In this tutorial we’re going to explore the use of pattern synonyms in Haskell, later we’ll give a brief overview to the Stack Builders’ contribution to the `time` Haskell library and finally we’ll review how to use the utilities that were introduced in the contribution.

As Stack Builders one of the core values of our company is contributing to open source (OSS). We believe that we have the power to change people’s lives (or at least make it easier) by pushing the boundaries of the software industry and we’re happy to announce that we were able to contribute to one of Haskell's core libraries, time.

All started with the idea: “What if we bring some utilities that Ruby on Rails (RoR) has to Haskell?”. For instance, “How can one get the range of days that a month has?” or “How can one get a quarter’s boundaries?” were some of the questions that came to our mind. In the following example the RoR code needed to get all days in a month will be shown and then Haskell version to do so:

today =
=> Wed, 01 Nov 2021..Fri, 30 Nov 2021
allMonth :: Day -> [Day]
allMonth day =
    let (y, m , _) = toGregorian day
    in [fromGregorian y m 1 .. fromGregorian y m 31]

and then in ghci this function can be invoked:

> today <- utctDay <$> getCurrentTime
> allMonth today
[2021-11-01 .. 2021-11-30]

As you can see, the Haskell code has to be implemented to then be called, there is not a helper function that performs the same behavior as in RoR. Why the last day of the month is always set to be 31st, if some months have less than 31 days? Could be crossing your mind right now. That’s because fromGregorian clips the values to be correct for each month, but now, what is fromGregorian? Well that’s exactly what this contribution aims, adding some alternative helper functions with clearer names when using the time library.

As Uncle bob mentioned:

"Indeed, the ratio of time spent reading versus writing is well over 10 to 1. We are constantly reading old code as part of the effort to write new code. ...Therefore, making it easy to read makes it easier to write.”

So this was the motivation, to make something similar to the utilities that RoR has and to ease Haskell developers' lives.

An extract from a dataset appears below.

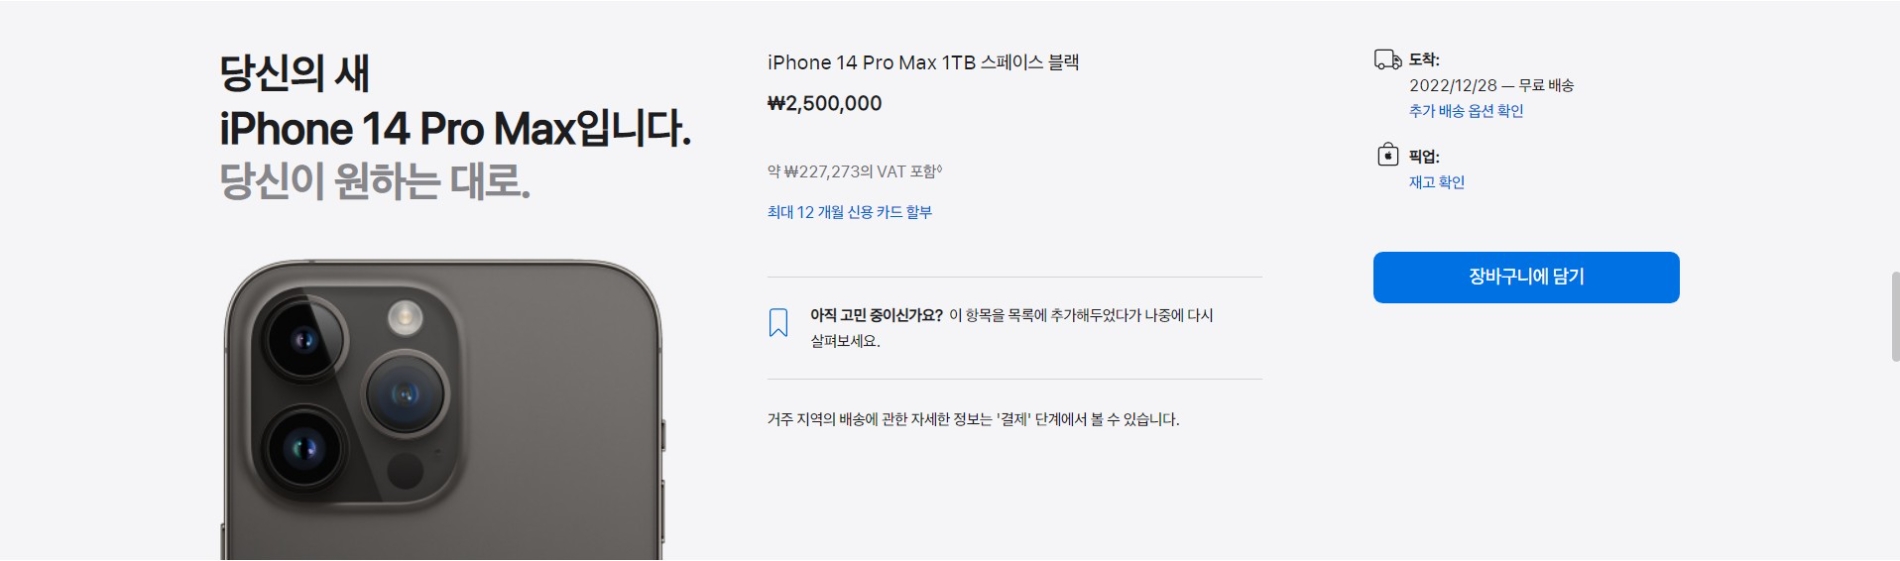 애플은 29일 아이폰14 프로맥스를 주문할 경우 내달 28일에 배송 받을 수 있다고 안내하고 있다. 2022.11.29/사진=애플 공식 온라인스토어 갈무리
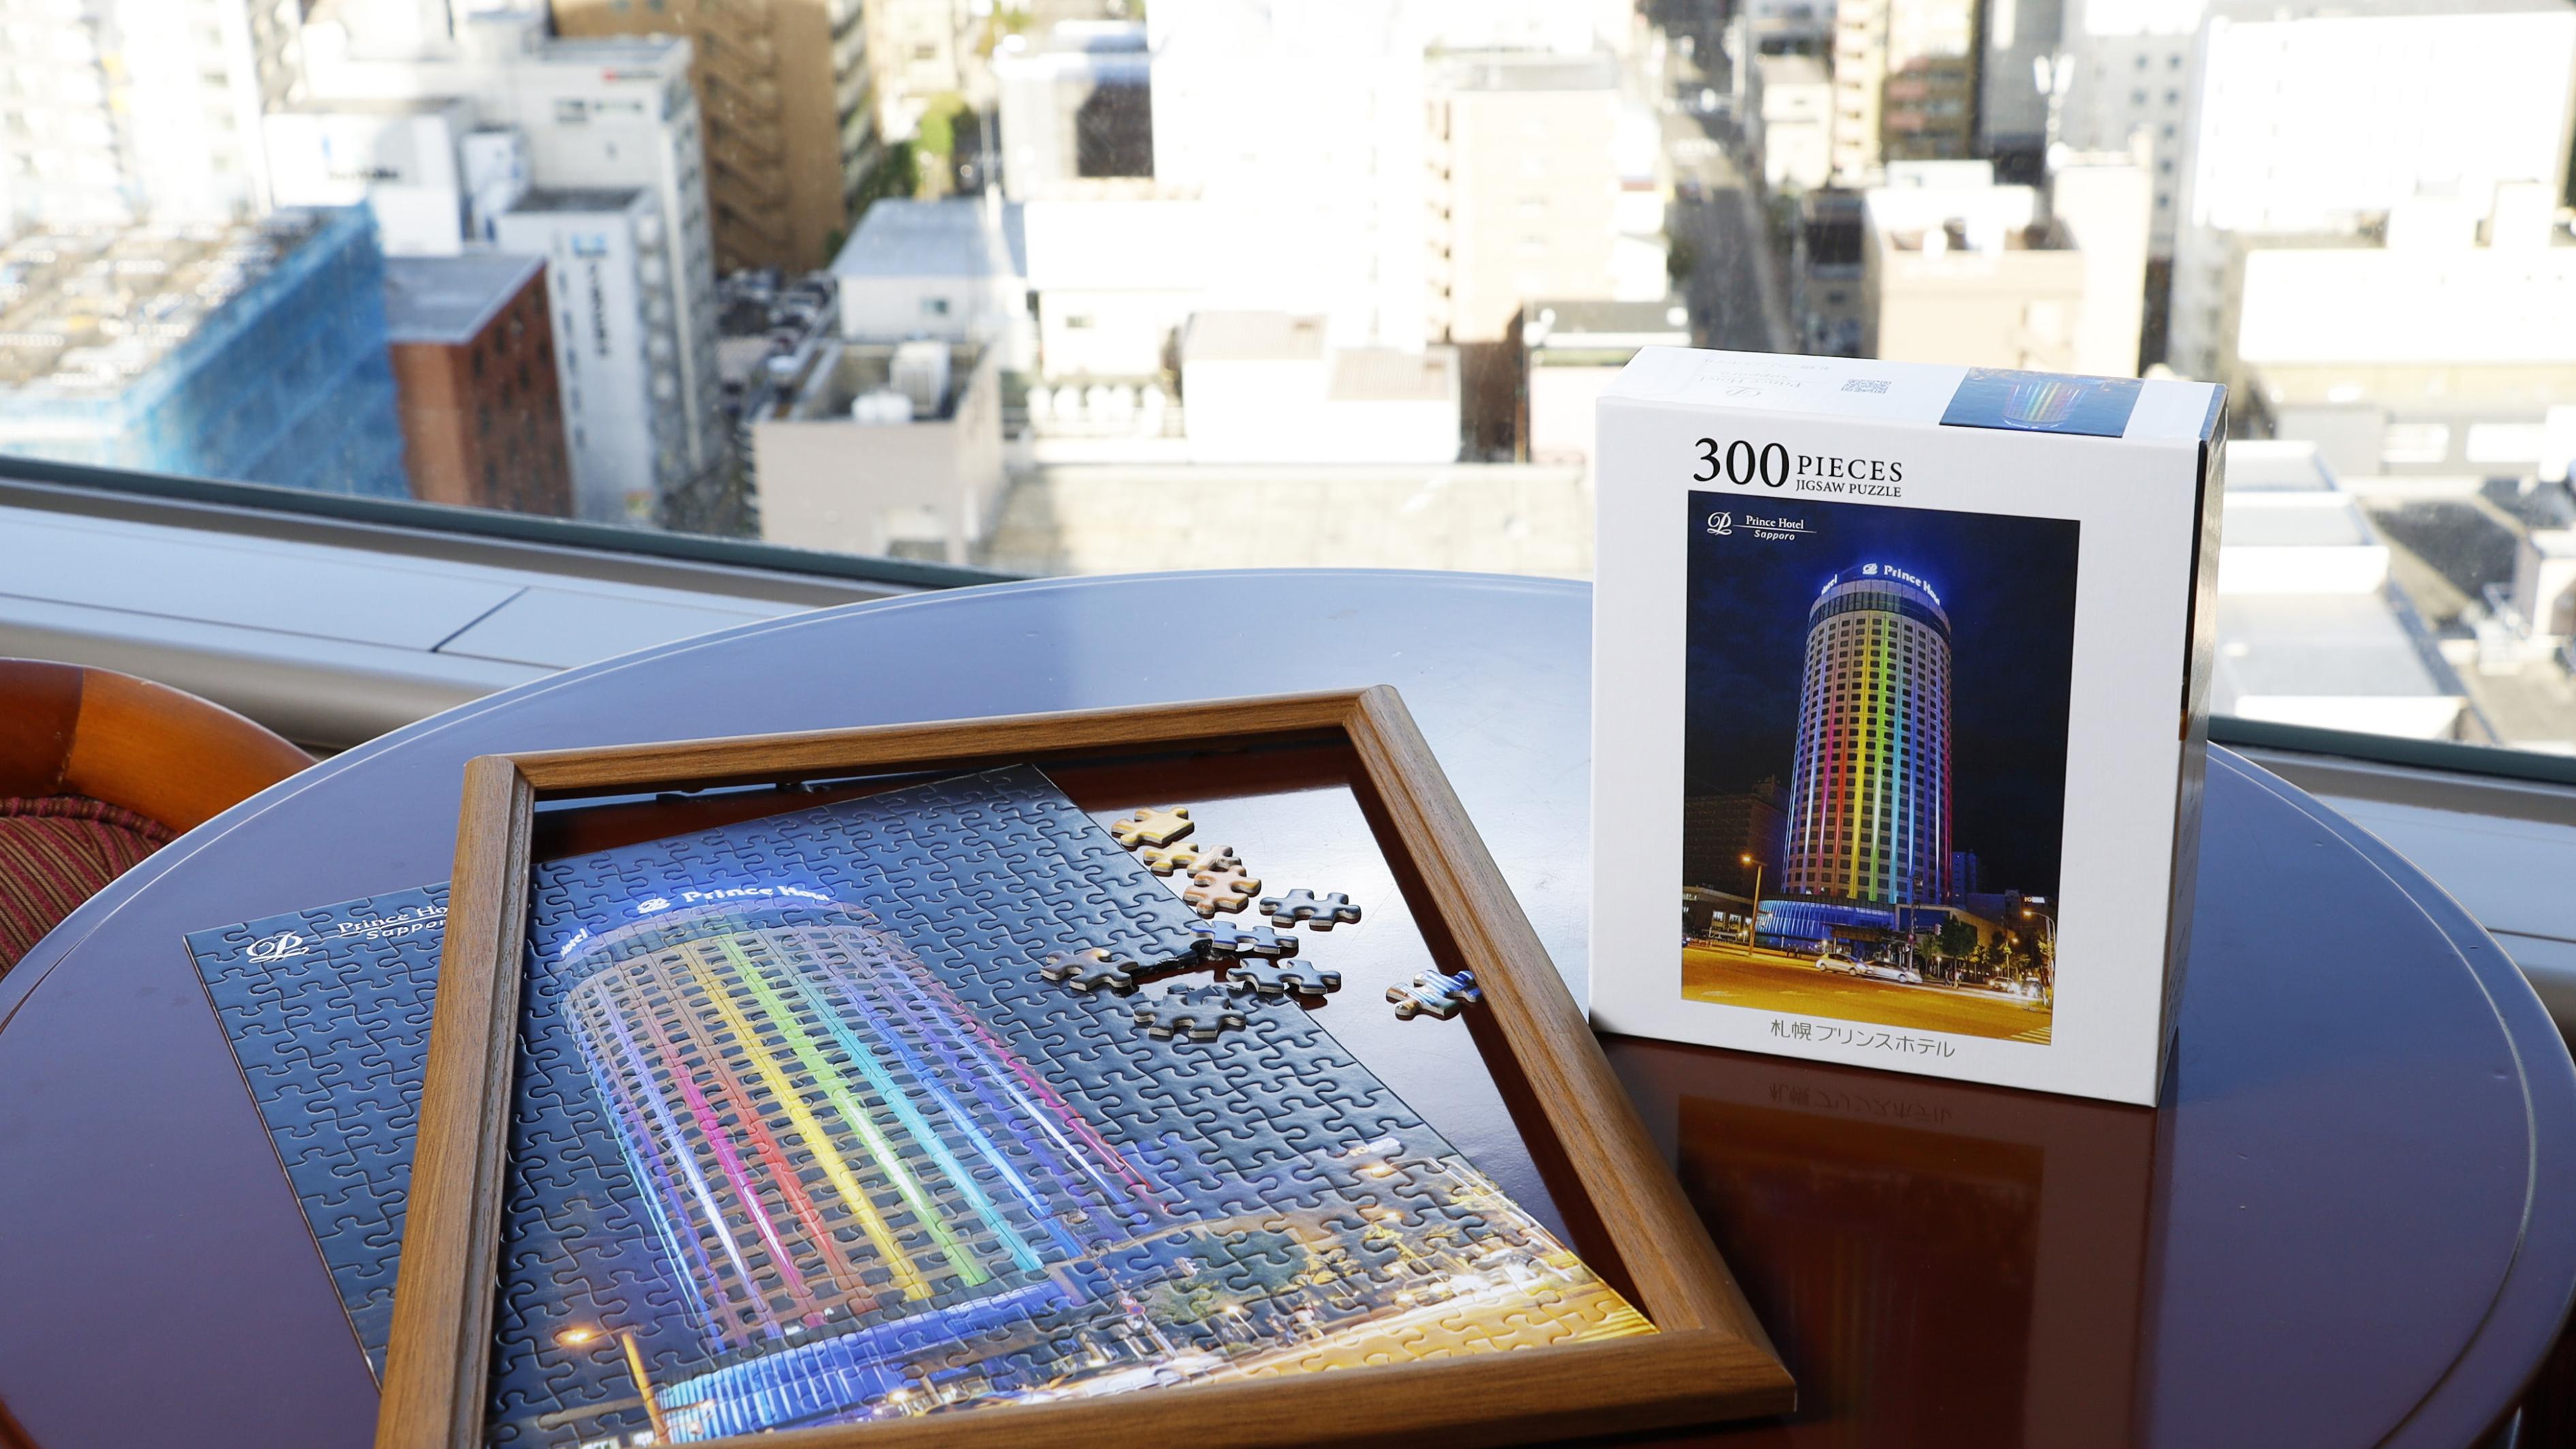 札幌プリンスホテルのオリジナルジクソーパズル

So first of all, an issue on GitHub was opened. Quick parenthesis here, when you want to work on OSS it's recommended to start by opening an issue in the repo and discuss/brainstorm your ideas with the maintainers, sometimes there are some good reasons why the feature you’re proposing have not been yet implemented and if you open a PR directly it could rejected, so save yourself a disappointment and open an issue first. Back to the issue, the time's library maintainer proposed to implement these helper functions using pattern synonyms, so let's start with a quick introduction to some basics about this Haskell feature that, actually, it has been around for some years now.

A little about pattern synonyms

First of a little caveat, this guide is not meant to explain pattern synonyms in depth, instead it’s meant to be a practical introduction to this concept.

The GHC documentation describes pattern synonyms like:

“Pattern synonyms enable giving names to parametrized pattern schemes. They can also be thought of as abstract constructors that don’t have a bearing on data representation.”

And probably this does not make sense yet, so let's introduce pattern synonyms with a real world example. Let's borrow a pattern that exists in the time library. The MonthOfYear pattern allows to define months of the year not by a number but by its name.

The MonthOfYear data type is defined like this:

type MonthOfYear = Int

As you can see, MonthOfYear is only an alias for Int. Now, it's possible to define months like Ints, where January will correspond to 1 and so on. But fortunately, since GHC 7.8 it's feasible to use pattern synonyms and, instead of using raw Ints is possible to write this down in a pattern style and have a more idiomatic way of defining months:

pattern January :: MonthOfYear
pattern January = 1

pattern February :: MonthOfYear
pattern February = 2

pattern March :: MonthOfYear
pattern March = 3

-- | The twelve 'MonthOfYear' patterns form a @COMPLETE@ set.
pattern December :: MonthOf
pattern December = 12

{-# COMPLETE January, February, March, April, May, June, July, August, September, October, November, December #-}Year

If you’re curious about why the {-# COMPLETE #-} pragma is being used, see the COMPLETE pragma documentation for more information.

Just to make sure that November and 11 are equivalent, let's test it in a repl:

> November == 11

To exemplify, this pattern will be used in a function that receives a Day and yields if the corresponding date is a holiday:

dayToHoliday :: Day -> String
dayToHoliday (YearMonthDay _ January  _)  = "Happy new year!"
dayToHoliday (YearMonthDay _ November 1)  = "Let's eat colada morada"
dayToHoliday (YearMonthDay _ December 25) = "HO HO HO Merry Christmas"
dayToHoliday _                            = "Probably just a regular day"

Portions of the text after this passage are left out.